Your task: Pictures must not appear; the answer is exactly the lines from the one that holds "Park Travel Poster" through the end of the material.

===== Collected data =====

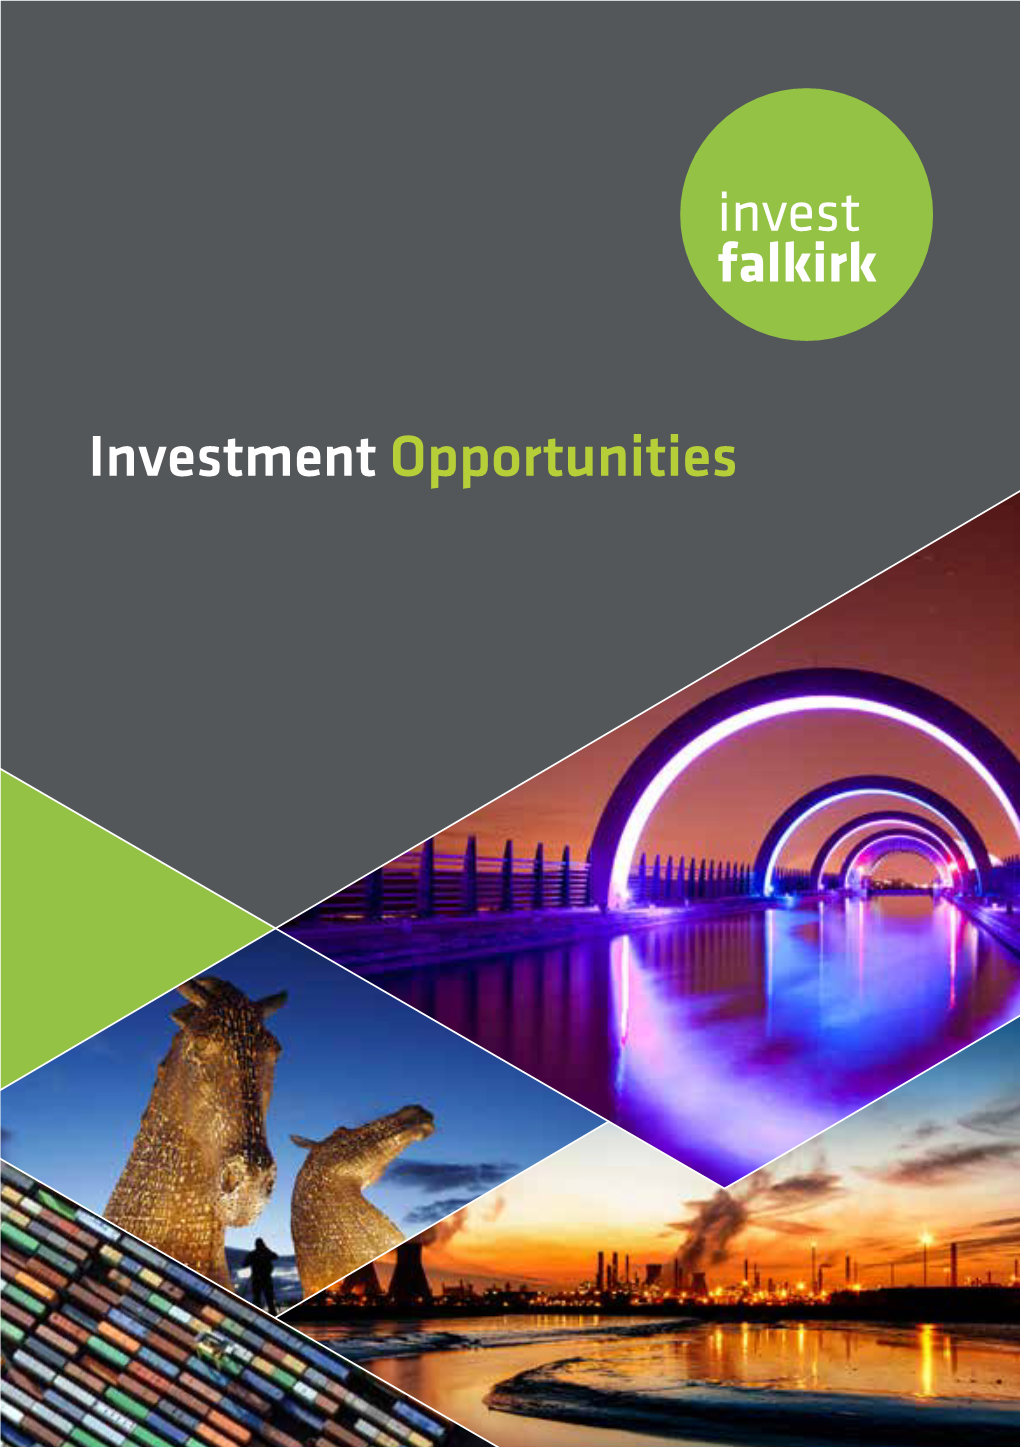 Investment Opportunities Investing in Falkirk Development Sites
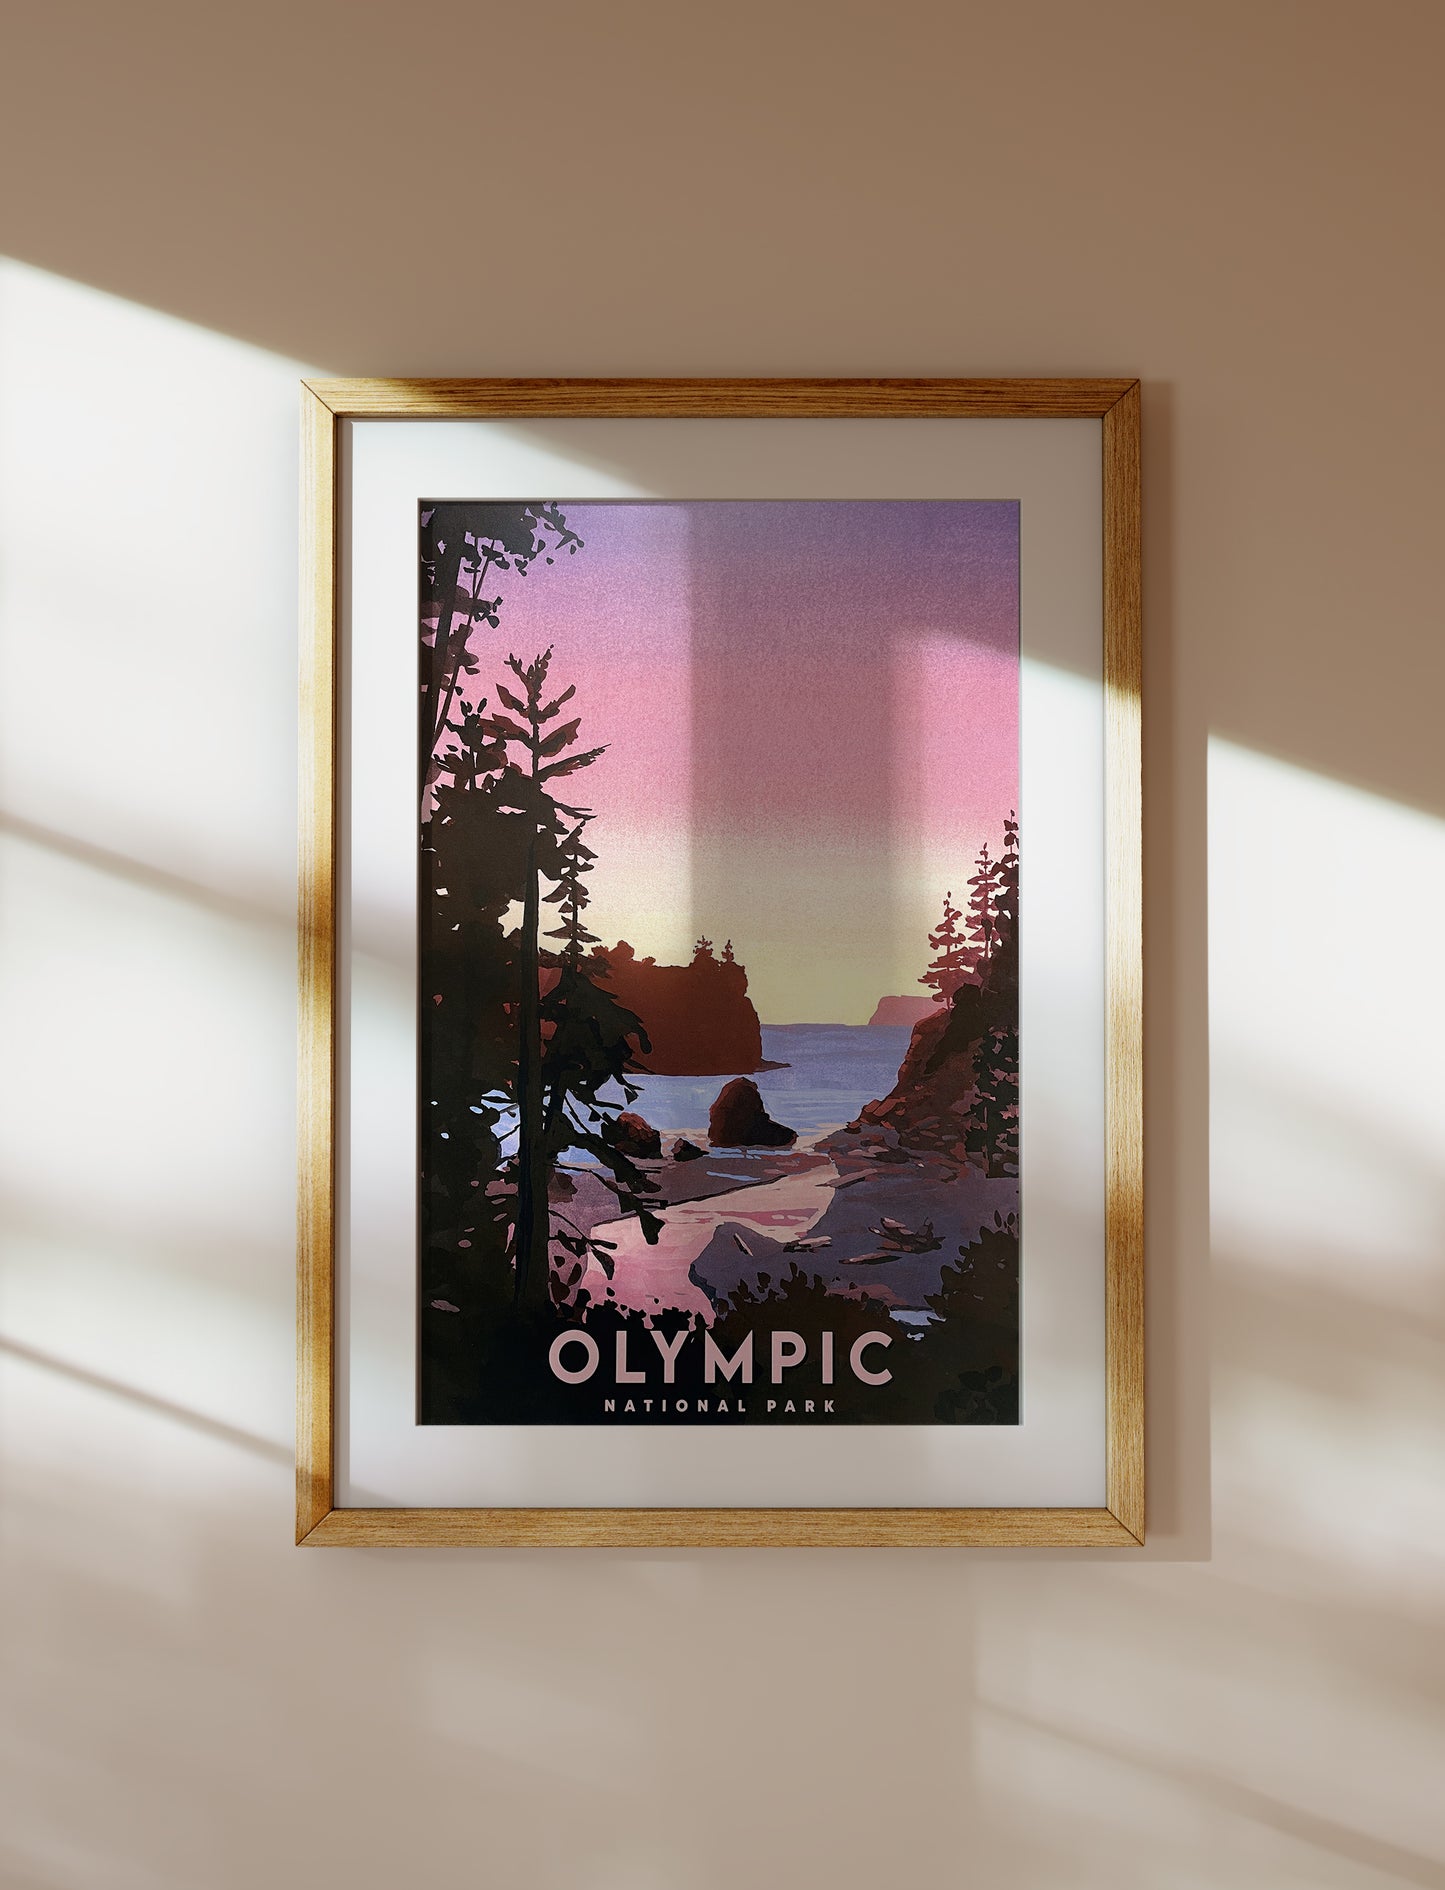 'Olympic' National Park Travel Poster
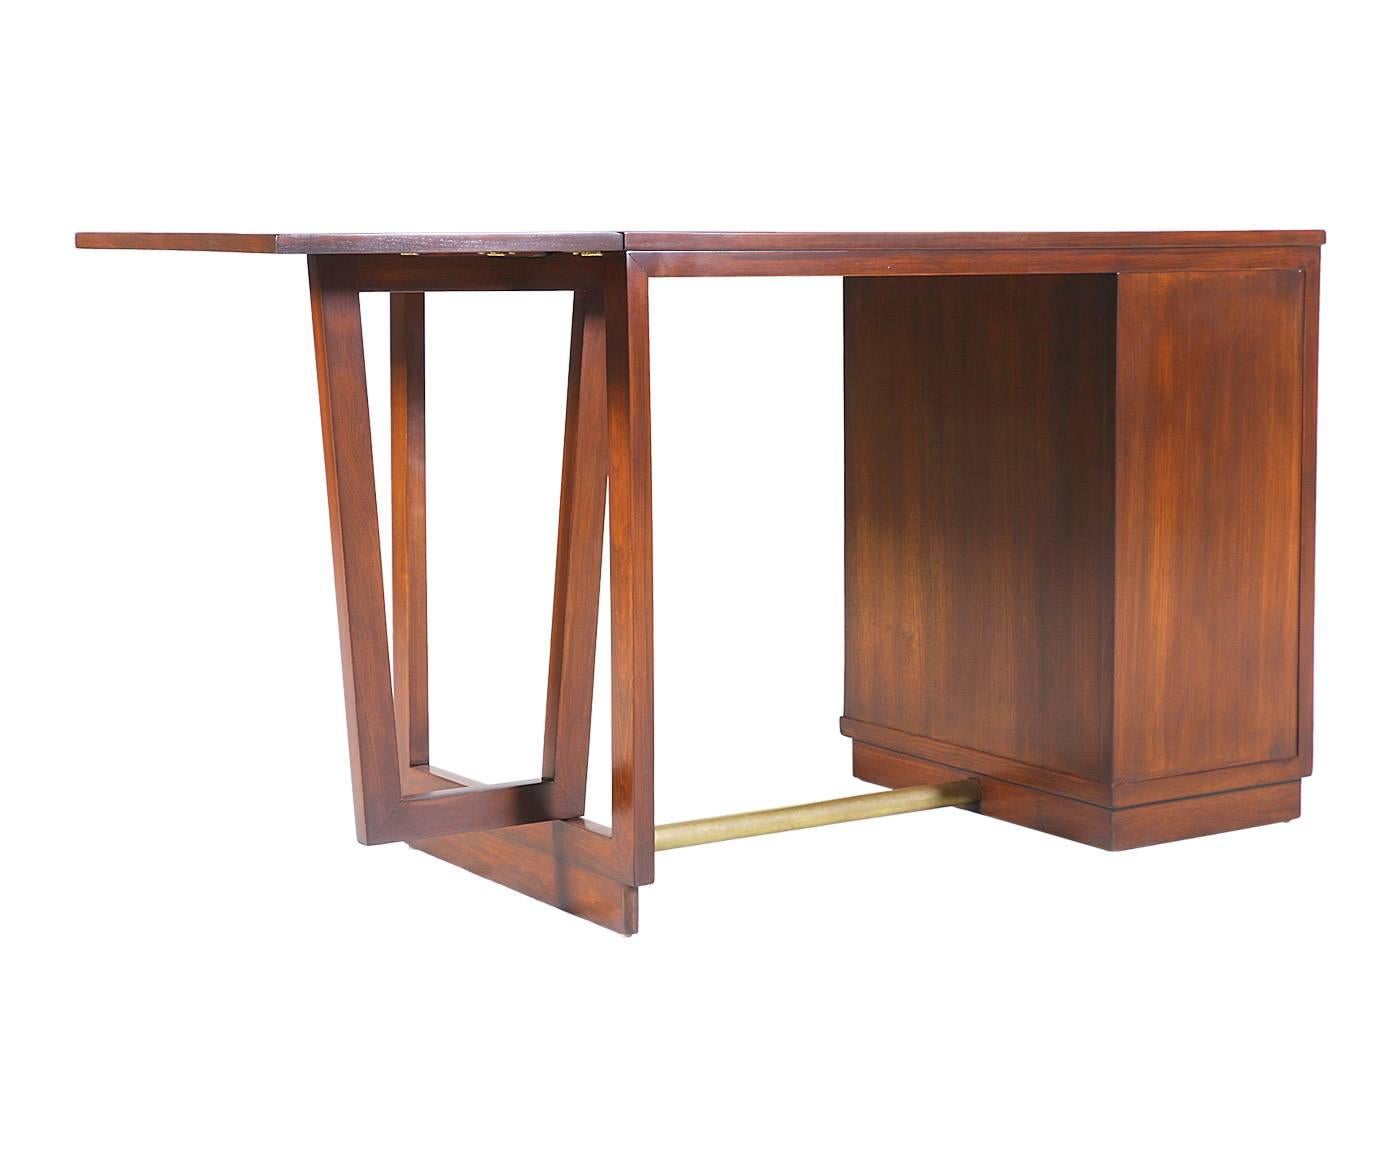 Stained Edward J. Wormley “Precedent” Writing Desk for Drexel
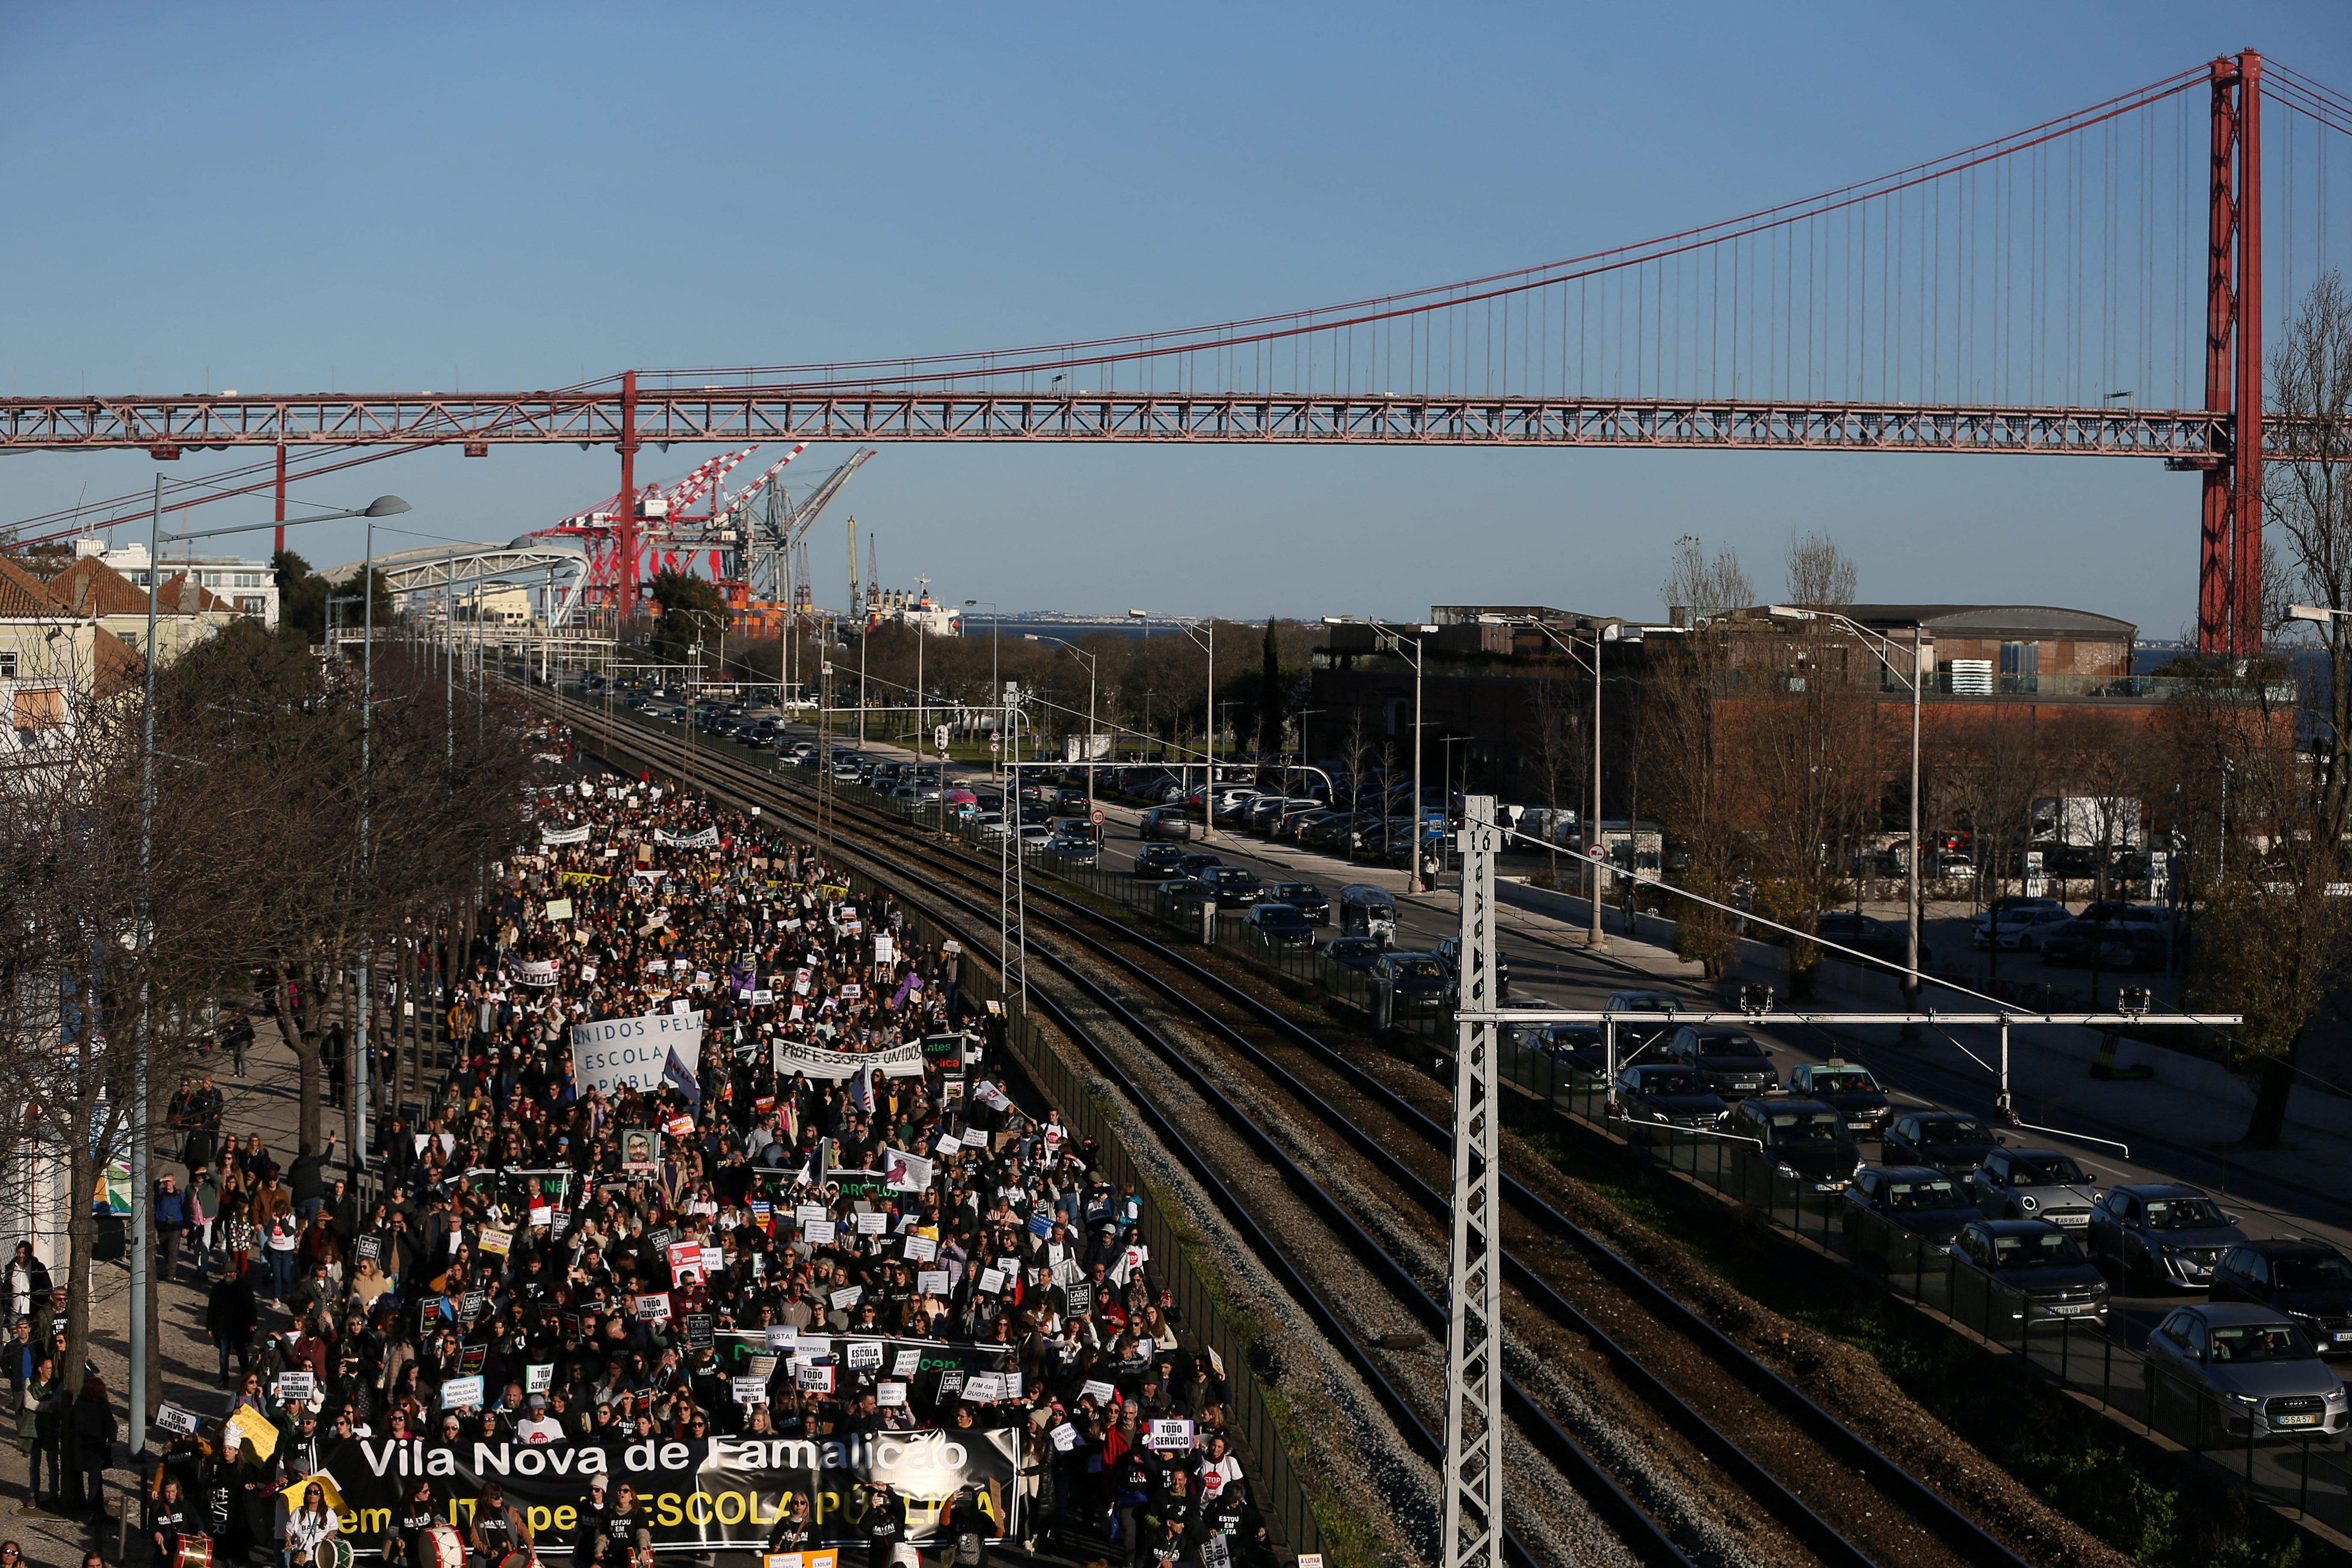 School workers demonstrate for better salaries and working conditions in Lisbon

=====

Output for this exercise:
 'Olympic' National Park Travel Poster
 Stained Edward J. Wormley “Precedent” Writing Desk for Drexel
 School workers demonstrate for better salaries and working conditions in Lisbon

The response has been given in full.